Densho Digital Archive
Densho Visual History Collection
Title: Ben Uyeno Interview
Narrator: Ben Uyeno
Interviewer: Dee Goto
Location: Seattle, Washington
Date: June 1, 1998
Densho ID: denshovh-uben-01-0005

<Begin Segment 5>

DG: So, when did your father get married?

BU: Got married in 1913, I think, because the first baby came in 1914, so can't make it more.

DG: Then at that time he was still planning to go back to Japan.

BU: No, he was planning, he was planning to stay there.

DG: Oh, by then.

BU: By then. Because he was always, he had a group of people that I suppose depended upon him because he's the only one that had a, had a big house, and they all had all their meetings and everything there. It was very nice for us, too, because some of the lonely, loner, men adopted us -- I'm talking about me, I'm a male, they didn't adopt females -- and then they, they took us on a bike ride to Wapato and other places, and played ball with us. So it was nice.

DG: So you were born what year now?

BU: I was born in 1918, right in the middle of the, middle of the flu epidemic, the pan, pan world flu epidemic, in which so many thousands, millions of people died. And you know, ordinarily if a mother goes into the hospital for delivery, she stayed for two or three days. They, they kicked Mom out in half a day because they said it's too dangerous to be in the hospital because of flu. So that... I found out another thing, too, recently, the fact that the Saint Elizabeth Hospital in Yakima is a Providence Hospital, the one I was, I've been connected with all my life. So, anyway, it kind of runs around. [Laughs]

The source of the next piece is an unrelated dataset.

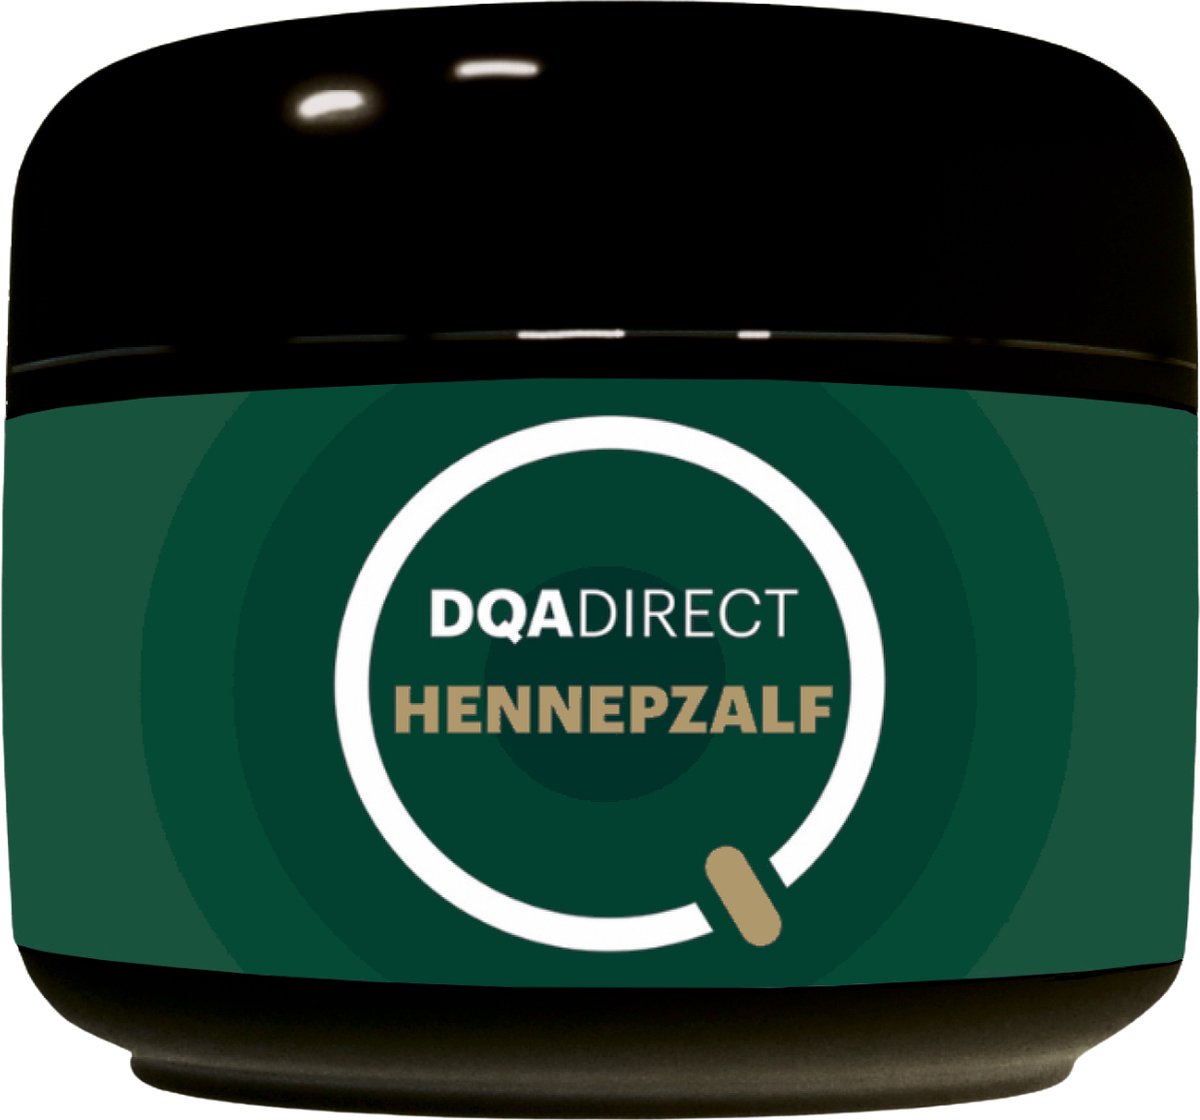 DQA Direct Hennepzalf

DG: It does. So then how long did you live in Yakima?

BU: I lived only eight years. What happened was this, the fact that because Mom and Dad had, had the laundry and it was so busy that they couldn't take care of all four kids so they took the two oldest one and send them to Grandma in Japan to raise.

DG: So you were number three?

BU: No, I was number four.

DG: You're number four.

BU: Number three and four were the youngest. My sister lives in New York and us were the only ones that stayed, and they sent the two older ones to Japan. They're Kibeis.

DG: So you had an older brother born in 1914 and then you had a sister born...

BU: 1915.

DG: '15. And then your sister, another sister.

BU: Another sister in '16 and me in '18, yeah. So that's what happened.

DG: Well, tell us a little bit about why they send your, the kids to Japan.

BU: Well, I presume they sent them over because four kids in a busy laundry, laundry business, just couldn't take care of them.

DG: But it's not just that, because other people sent them, too. Was it mostly because they were busy?

BU: Well, they are busy with work or what have you.

DG: But what about preparation to go back to Japan?

BU: Just ship them. Mother or father went with them, I presume.